Michael Chui of McKinsey & Co.'s global research arm happened to visit the Twin Cities on the last (hopefully) snowy day of the season, and he pointed out a self-driving car would have had a rough day here.
Chui, a leader of the firm's research in "disruptive technologies" like artificial intelligence, sees autonomous vehicles on the streets of the San Francisco Bay Area, where he lives. But they have a ways still to go.
Recognizing a stop sign is easy for a machine, unless some person messes with the sign by putting stickers on it. Then it might be read not as an instruction to stop, according to a study a couple of years ago, but as a speed limit sign. That's obviously dangerous.
Chui described self-driving car technology as "amazing" as it is right now, but he knows mass adoption of this kind of technology isn't happening anytime soon.

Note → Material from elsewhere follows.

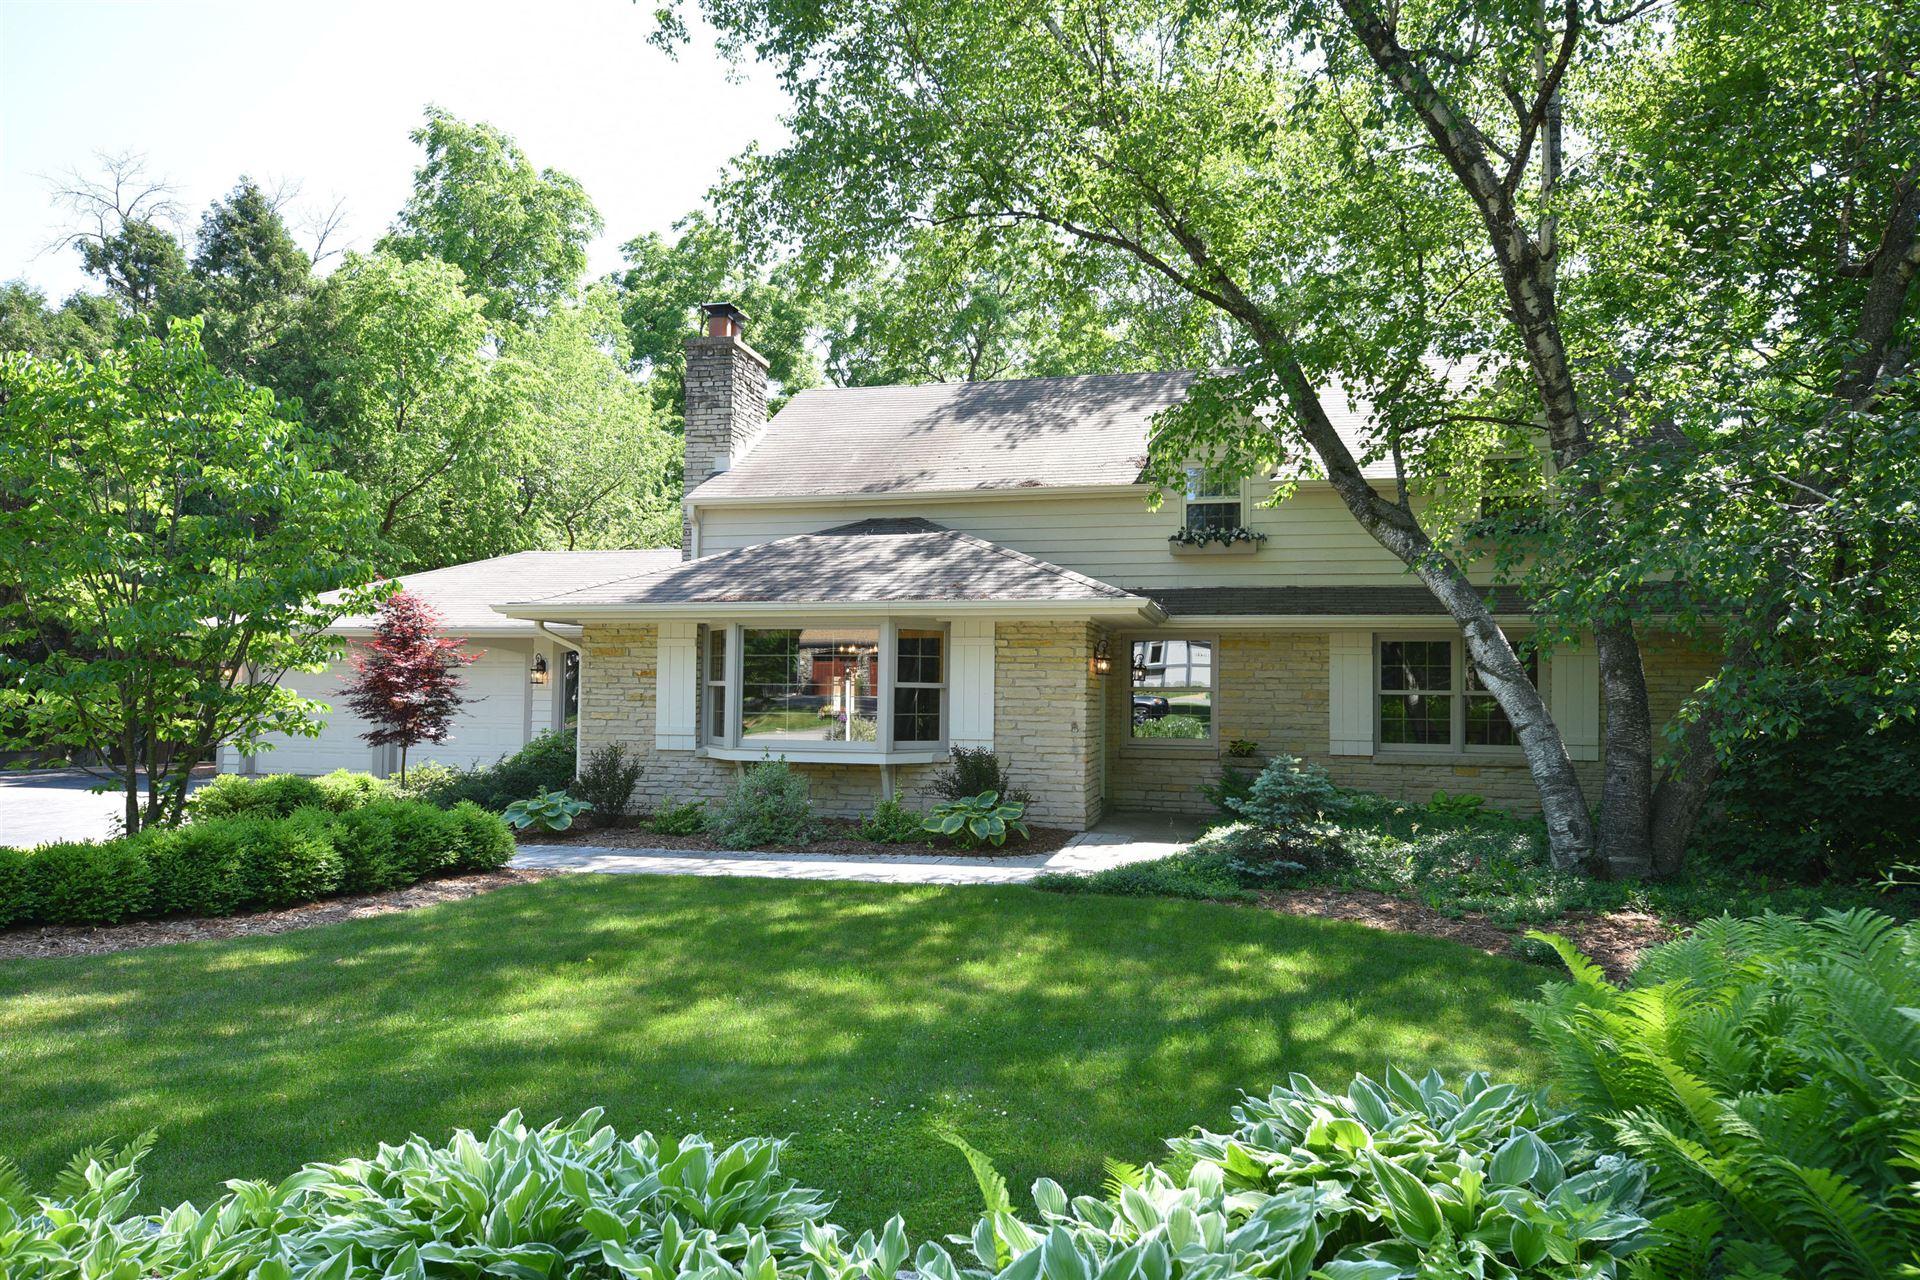 1040 Lower Ridgeway, Elm Grove, WI 53122 - #: 1694589
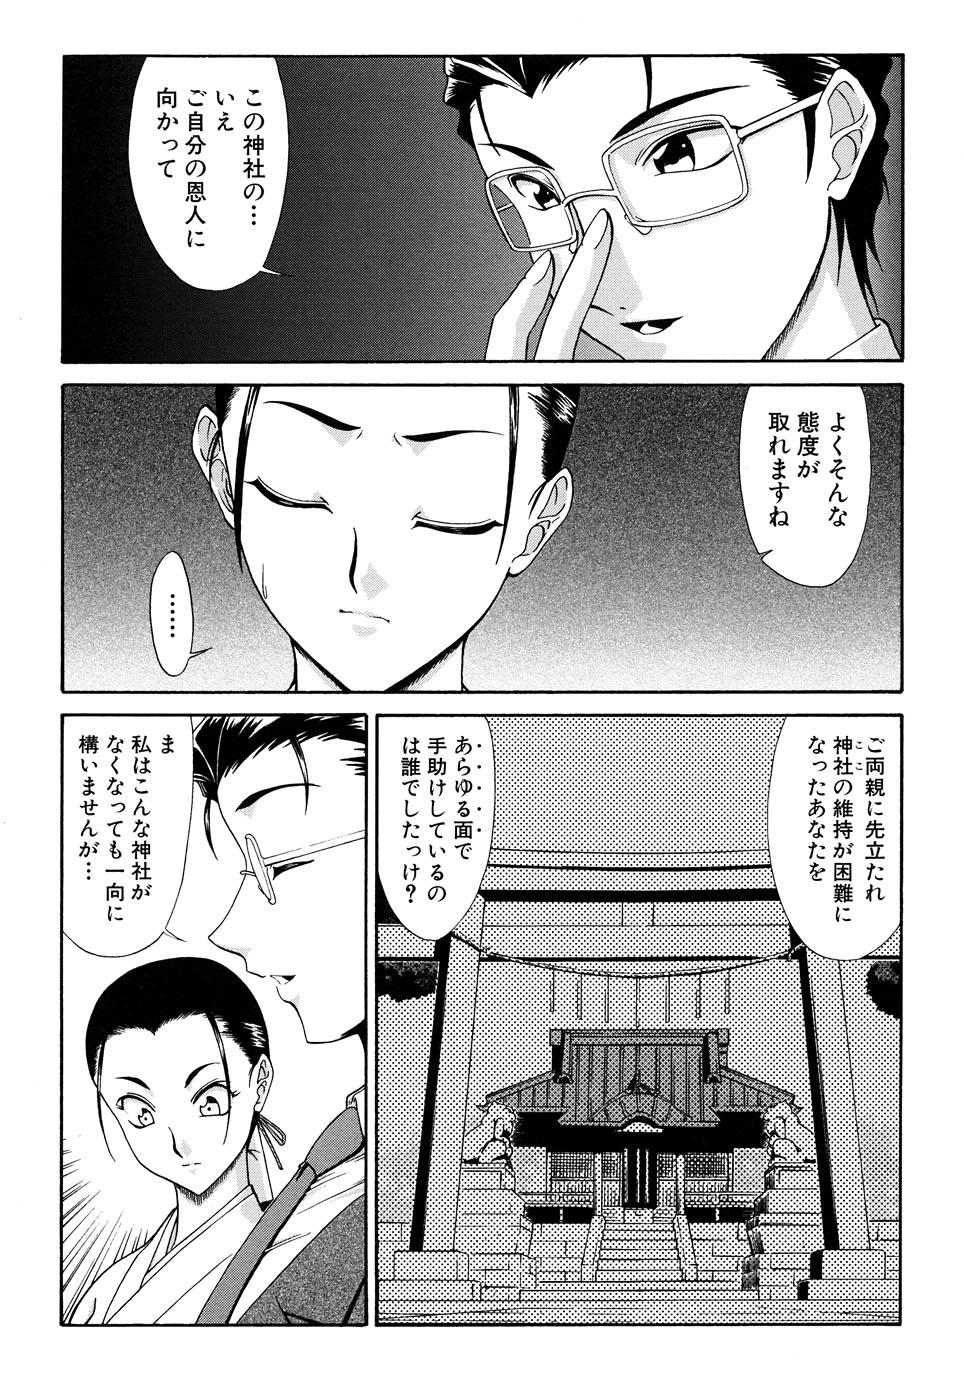 Fechikko VS Series ROUND.2 Miko San VS Maid San 12

But here's the equally important message he had last week: We need that time, before technologies like autonomous vehicles blossom, to figure out how to get millions of people into different kinds of paid work or how to pay them in new ways for what they do.
Chui is a partner with the McKinsey Global Institute, created by the consulting company McKinsey. He has a Ph.D. and described himself as a private-sector professor, but he also has experience as a problem-solver in other jobs.
He has lately been working mostly on the expected effect on work and business of artificial intelligence, a term that to him means "technologies that allow machines to accomplish cognitive functions, i.e., those that people associate with human minds."
It was research by Chui and his group a couple of years ago that made news by concluding that maybe half of the work people do could be taken over by machines with what they called "currently demonstrated technologies," which meant the invention phase was already over. And six out of 10 occupations could have up to 30% of their work done by machines.